Гай проглатывает таблетку.
- Сраные таблетки, - говорит он. - Если б я все еще мог трахаться, то чертовски хрипел бы при этом. - Он кашляет. - Если б кто-нибудь еще хотел меня трахнуть.
- А что насчет этих?
- Каких таких «этих»?
- Этих; генхексакол.
- Его я принял первым!
- Ой. Точно.
- Ты затеял перечисление моих гребаных лекарств только, чтобы меня отвлечь? Может, моя угрюмость причиняет тебе неудобство? Тебя напрягает, когда я кажусь тебе чересчур подавленным? Отвечай!
- Нет, нет. А эти? Хлоратифен.
- Да еб твою мать, кончай уже! Гребаное отчаяние - одно из немногих удовольствий, что еще меня утешают. Ты хочешь отобрать у меня даже его!
- Не стоит наслаждаться такими вещами.
- Черт, а чем мне еще заниматься? Я больше ни на что не гожусь. Копаться в этом дерьме - единственное, что мне осталось.

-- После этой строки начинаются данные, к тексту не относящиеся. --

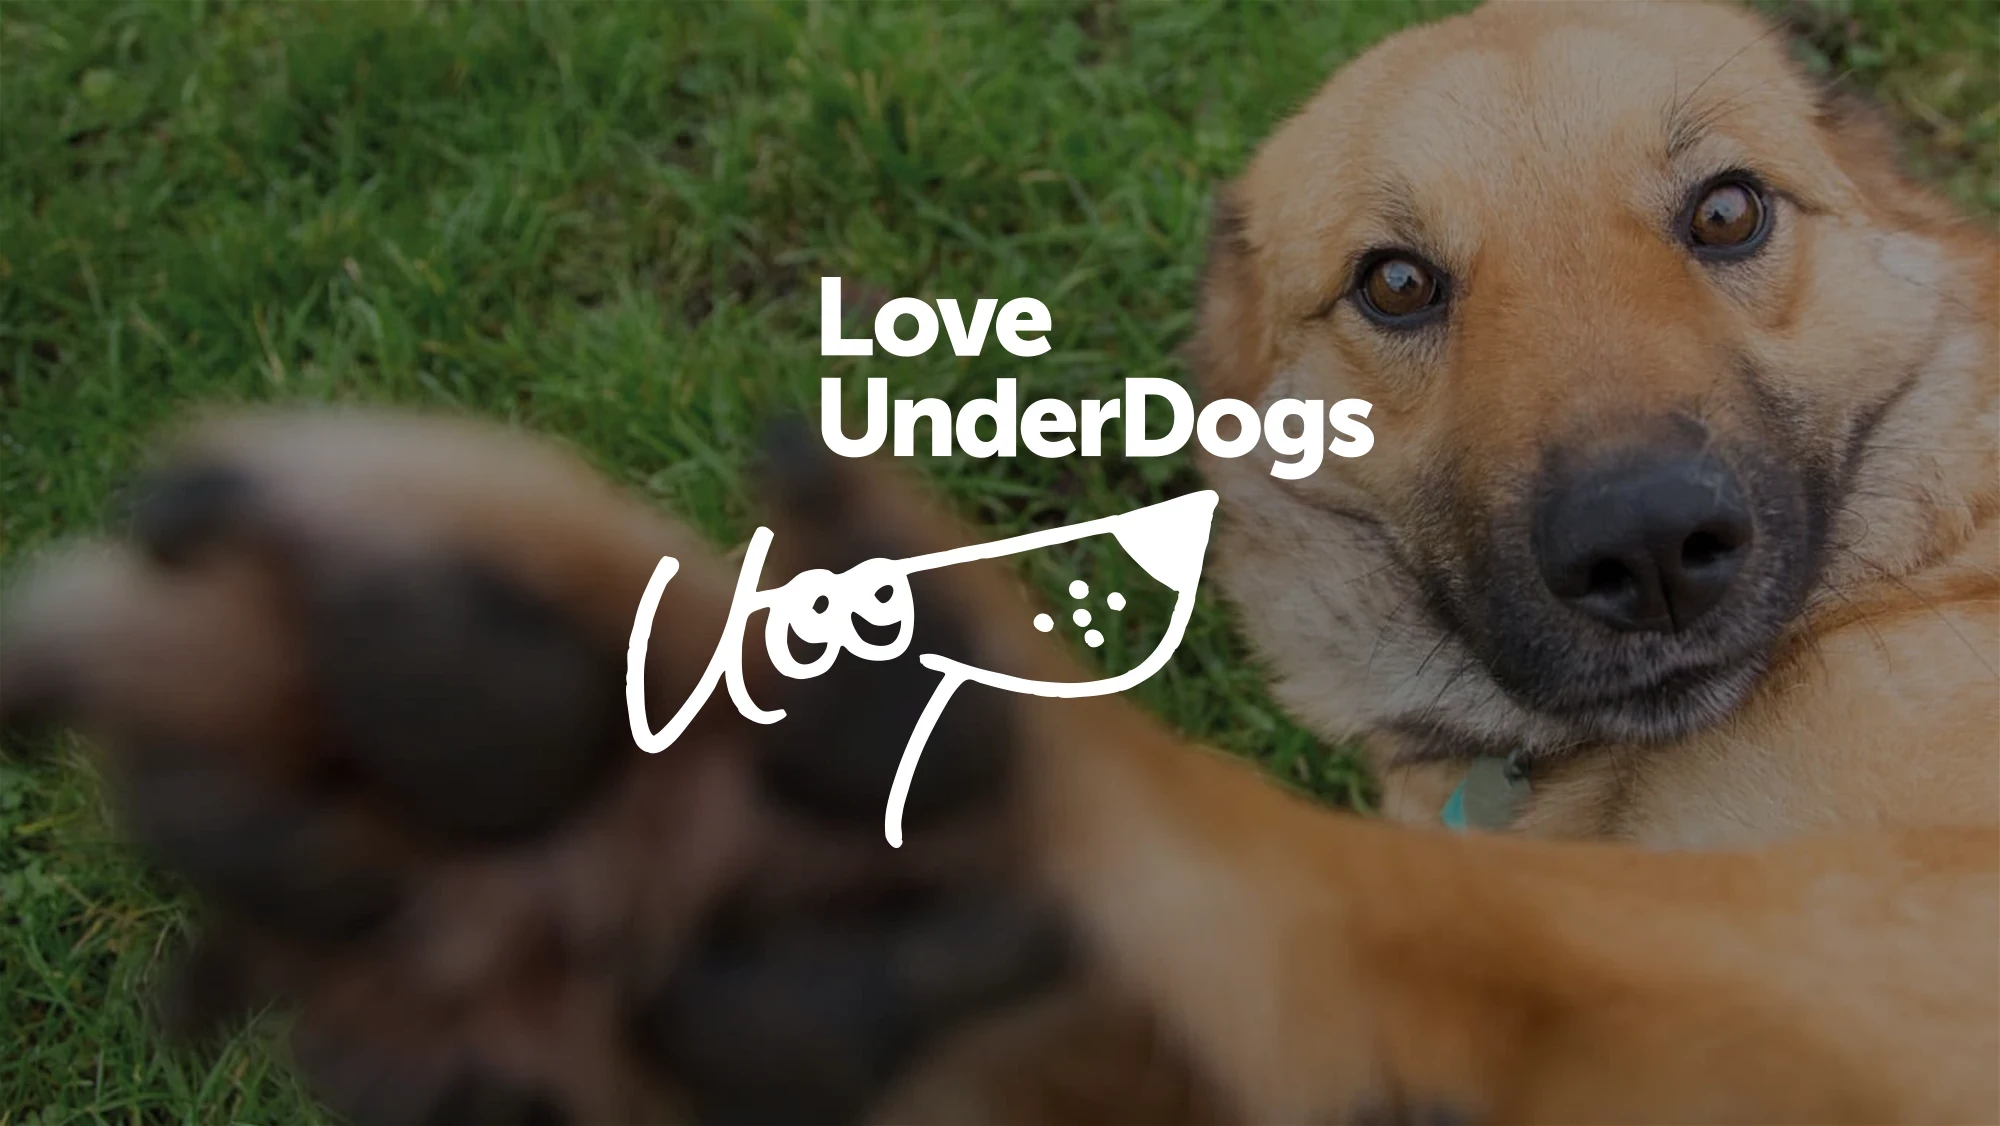 Love Underdogs banner

- У тебя здесь друзья. В их компании ты был... ты был ярче, был живее. Больше говорил, даже передвигался лучше.
- Стимулирующая компания. Хоть какое-то приятное разнообразие в жизни.
- Снова ты начинаешь, - говорю я, игнорируя часть обращенных ко мне слов.

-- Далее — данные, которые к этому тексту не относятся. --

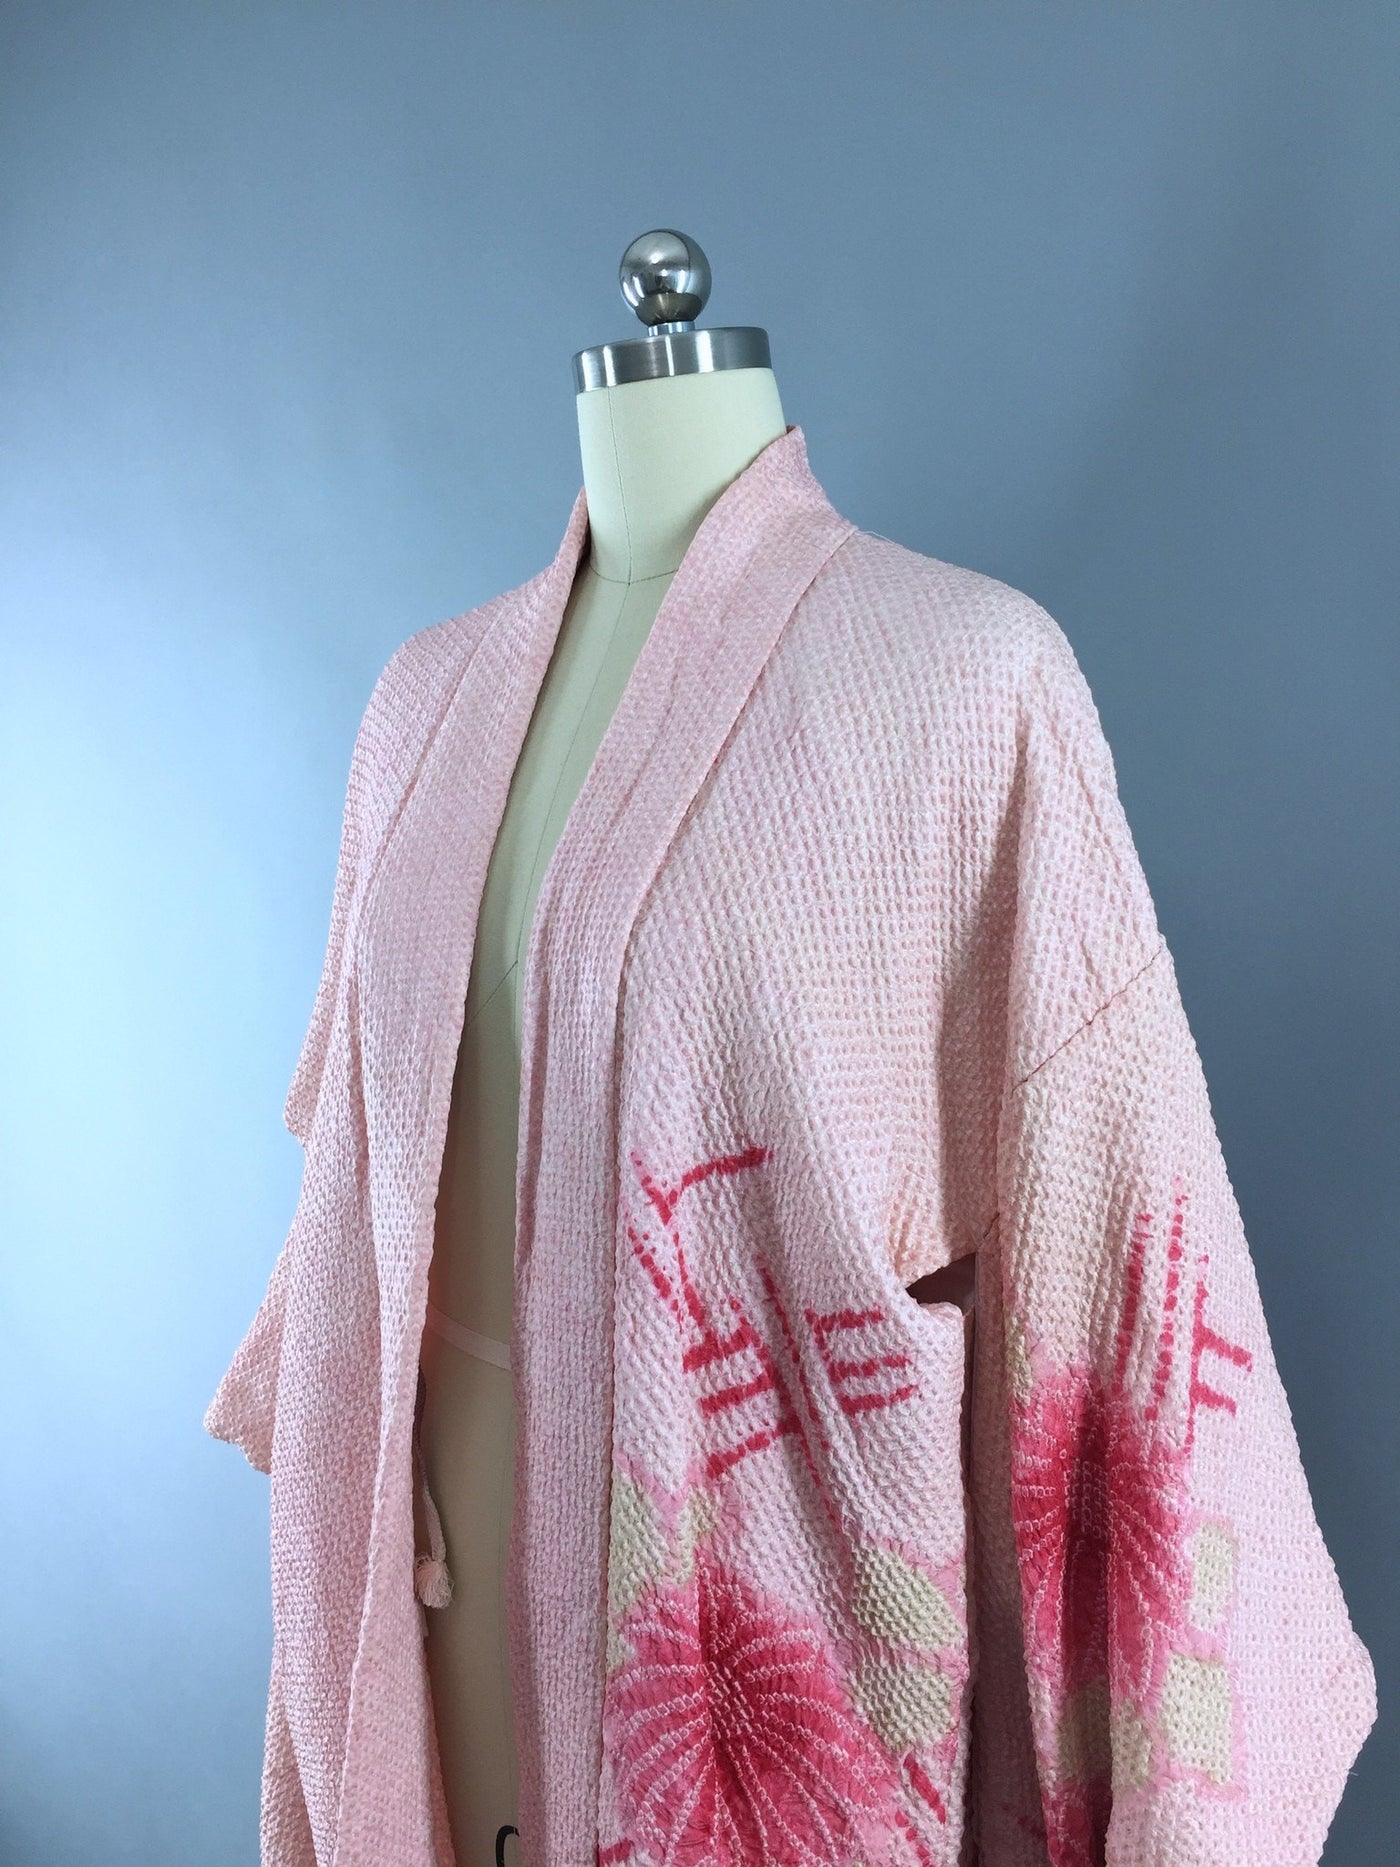 1960s Vintage Silk Haori Kimono Cardigan Jacket in Pink and White Shibori Floral - ThisBlueBird

- В любом случае, сюда их притащило гребаное чувство вины. А может, в этом замешаны деньги. Надеются, что их упомянут в завещании. Им чертовски свезет, если так и случится.
- Такое в основном можно сказать лишь о Хейзе. Я думаю, что остальные... Вообще-то, думаю, все они здесь, потому что хотят быть рядом. Даже Хейз.
- Вина-вина, - ворчит Гай, откидываясь на подушки и вроде как пытаясь устроиться поудобнее. - Я внушил им чувство вины, заставив явиться сюда. Приходите, посмотрите на умирающего человека. Это ваш последний шанс. Помиритесь, сведите счеты, очистите совесть...
- Твои домыслы не принесут ничего хорошего.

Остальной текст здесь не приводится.